College commencement on September 24 at the First Presbyterian Church (now Nassau Presbyterian Church) was quite the affair. “Delegates to Congress, George Washington and officers, and foreign luminaires crowded the small campus church. Among the audience were seven signers of the Declaration of Independence, eleven future signers of the Constitution, and two future U.S. presidents,” according to the Morven booklet.
Annis Stockton was a bit of a celebrity in her own right, for her prolific poetry. According to the Mount Vernon library, “She wrote poems to then-Continental Army Commander General George Washington regarding his bravery and leadership and through this became a frequent correspondent to Washington as he ascended to the presidency.”
Washington’s thank you gift to Princeton links past to present. Mimi Omiecinski, operator of Princeton Tours, who makes local history her specialty, points out a hedge behind Maclean House with a marker that says, “These English Boxwood plants were grown from George Washington’s hedges planted November 1798 on his Mount Vernon Estate.”
Omiecinski also recommends visitors take a look at a plaque at the University’s FitzRandolph Gate that notes: “Meeting Place of Congress, Capitol of the United States, 30 June-4 November 1783.”
FitzRandolph Gate inscription. (Wikipedia)
What Congress Accomplished in Princeton
Despite the challenges, Congress’s stay in Princeton was of some significance. While in Princeton, Sweden was the first neutral European county to formally recognize the new nation, as a treaty of commerce was concluded on September 25. And, on October 31, 1783, Dutch Republic Ambassador Pieter Johan Van Berckel presented his credentials to Congress.
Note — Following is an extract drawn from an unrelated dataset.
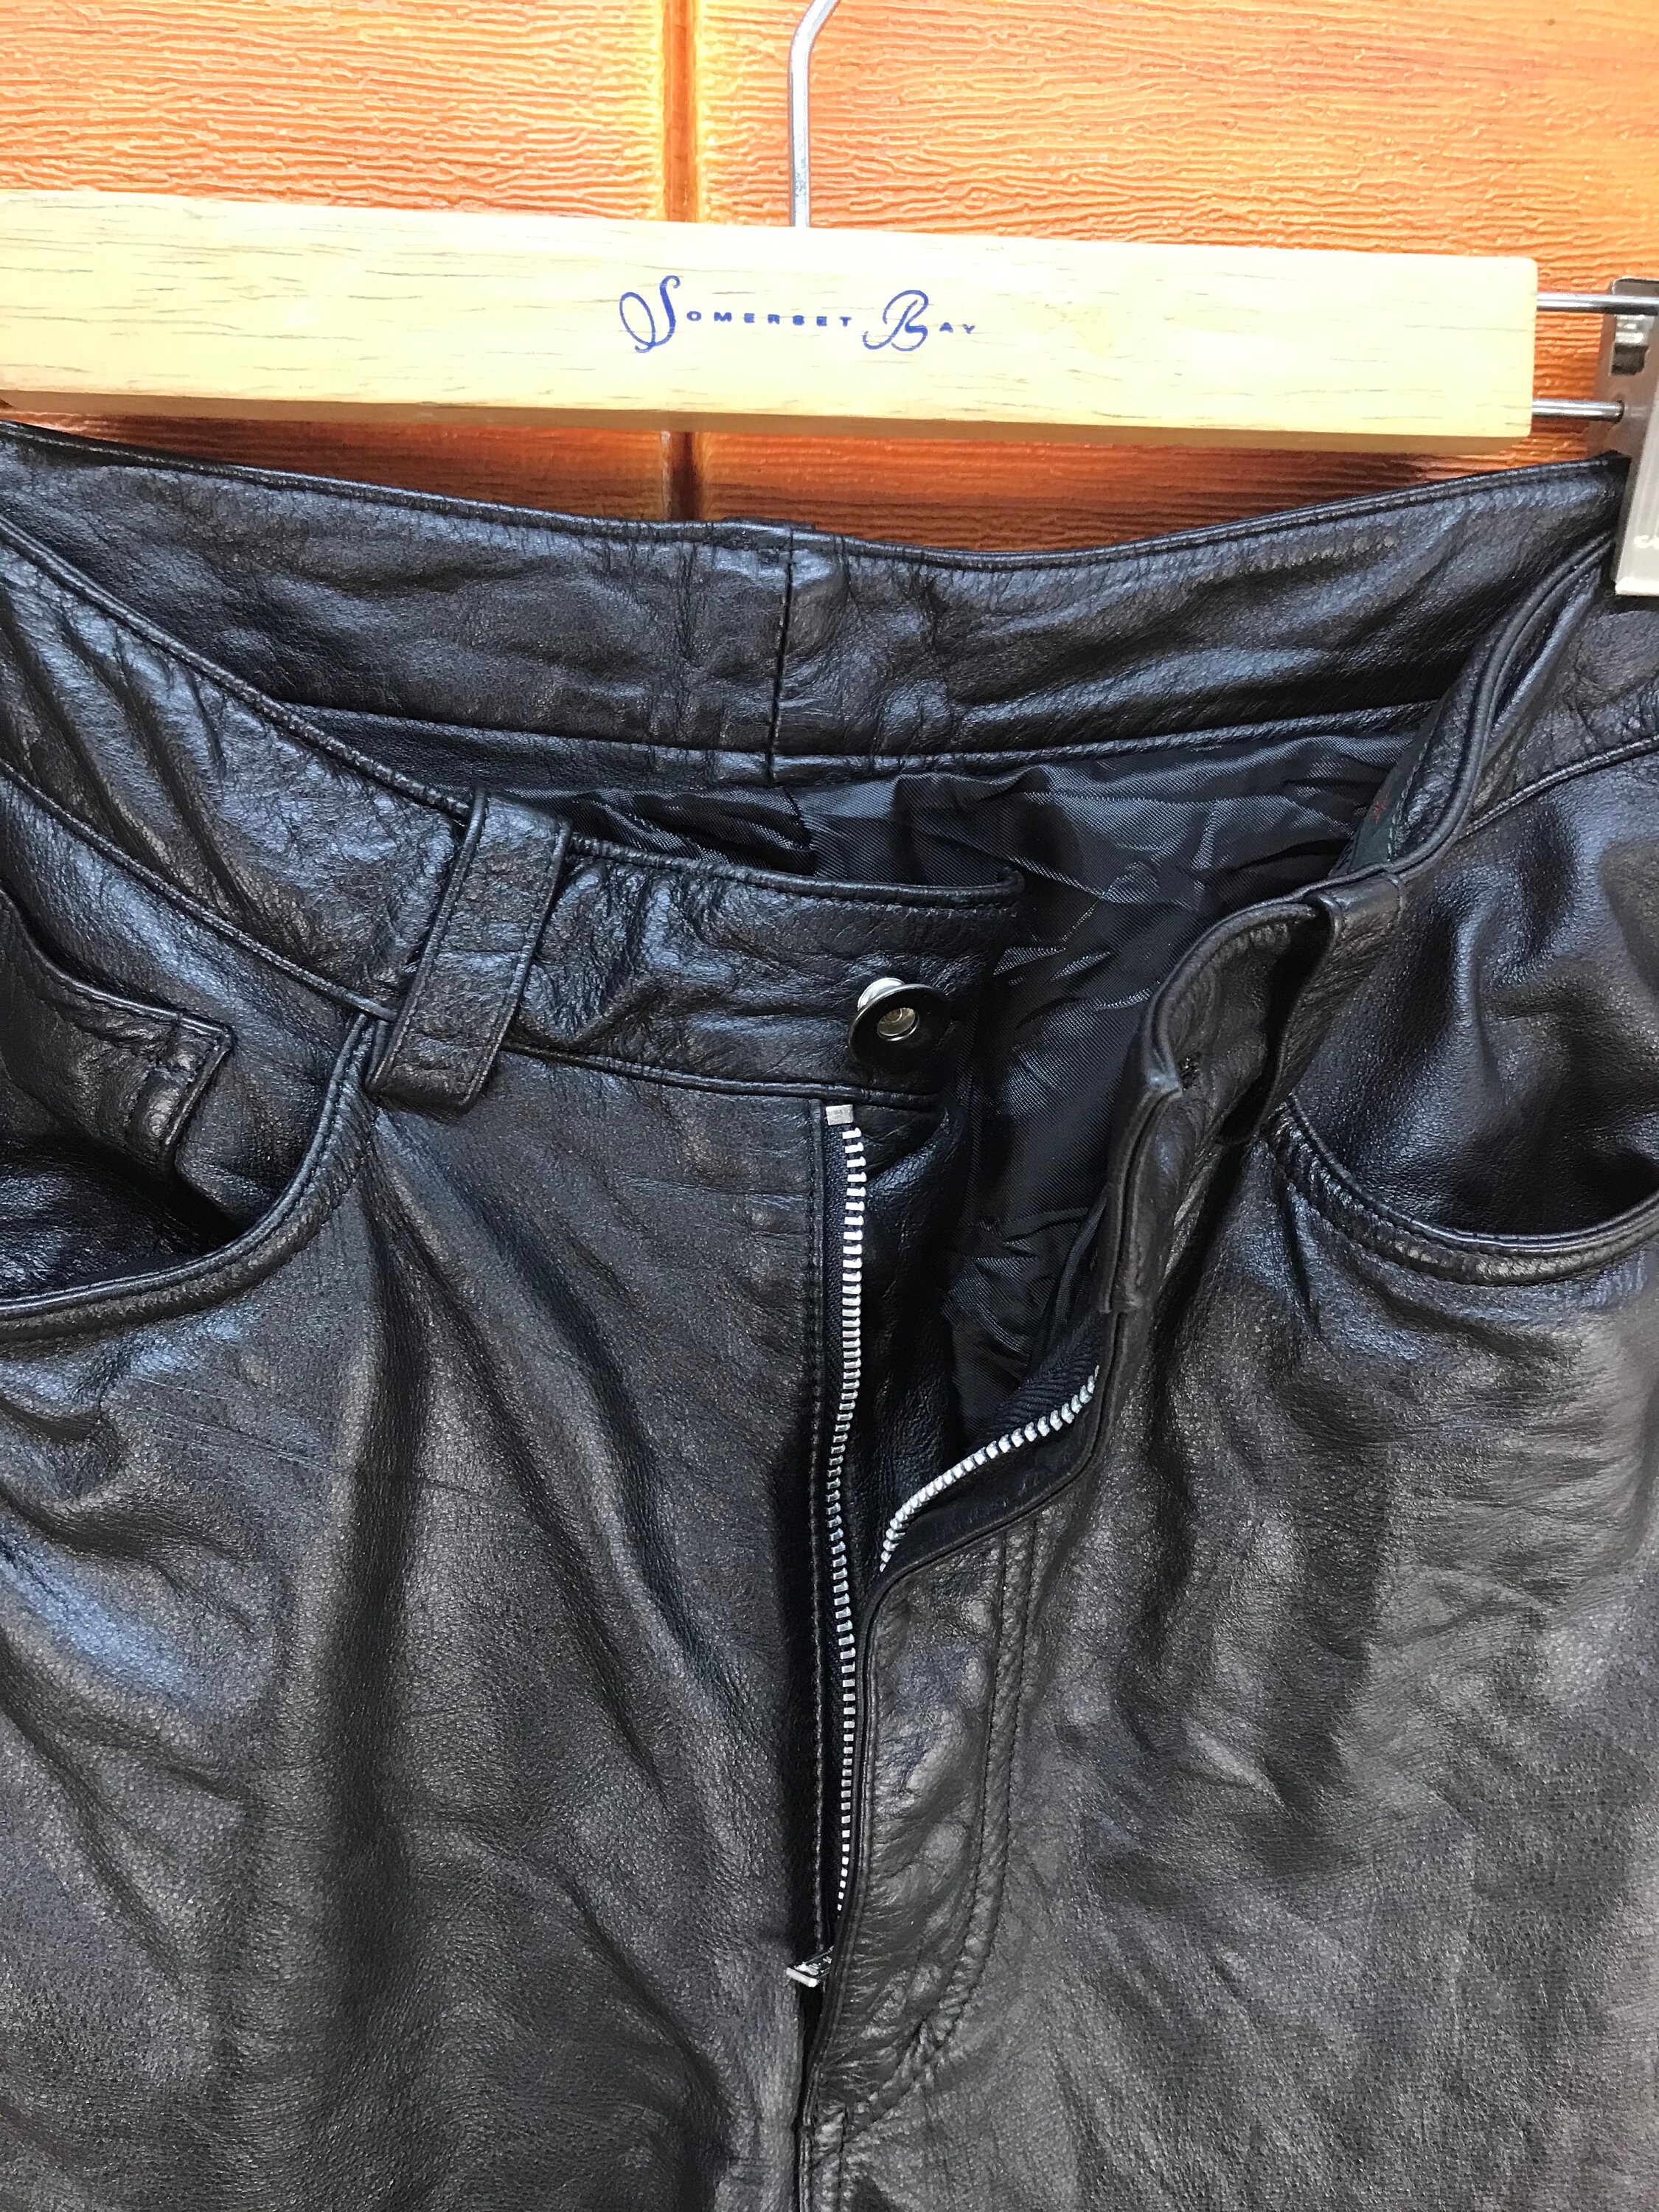 Vintage A.A.R YOHJI YAMAMOTO Leather Pants / Biker Motorcycle | Etsy

A Madison letter indicates Congress was somewhat embarrassed having to receive him ‘in an obscure village … and without a Minister of Foreign Affairs,” but it was in Princeton that Congress entertained the first foreign dignitary.
In Princeton, Congress issued a proclamation forbidding American citizens to settle on any western land claimed by Native Americans unless they gave explicit permission. Also, Congress voted that lands to the west would eventually be divided into separate states, laying the foundation for future states that would be equal to the original 13.
Most significant, Congress was in Princeton when the Treaty of Paris was signed on September 3, 1783, which recognized the new nation’s independence. According to the Morven booklet, news of the signing reached Congress on the final day of its session at Princeton. Congress adjourned on November 4, to meet again in Annapolis on November 26. While in Princeton, Congress debated where to set up a permanent capital, and compromised with Trenton half the year, and Annapolis half the year. But eventually many questioned the wisdom of always moving. Congress moved to New York City until 1790. A site was selected on the banks of the Potomac, and in the interim, Congress met back in Philadelphia until the new capital was ready in the year 1800.
Princeton returned to its former status, but possibly forever changed. Thomson, dining with Boudinot at Morven said that “the people had exerted themselves and put themselves to inconveniences to accommodate the members but it was a burden they could not bear long.”
“It feels almost like a blip that people don’t know, and it shocks people when they learn about it,” says Schwartz of the Historical Society. “It’s a source of pride for Princetonians today. I think it is another thing that enriches Princeton’s importance in national history, that it had the honor of being the capital for a short time.”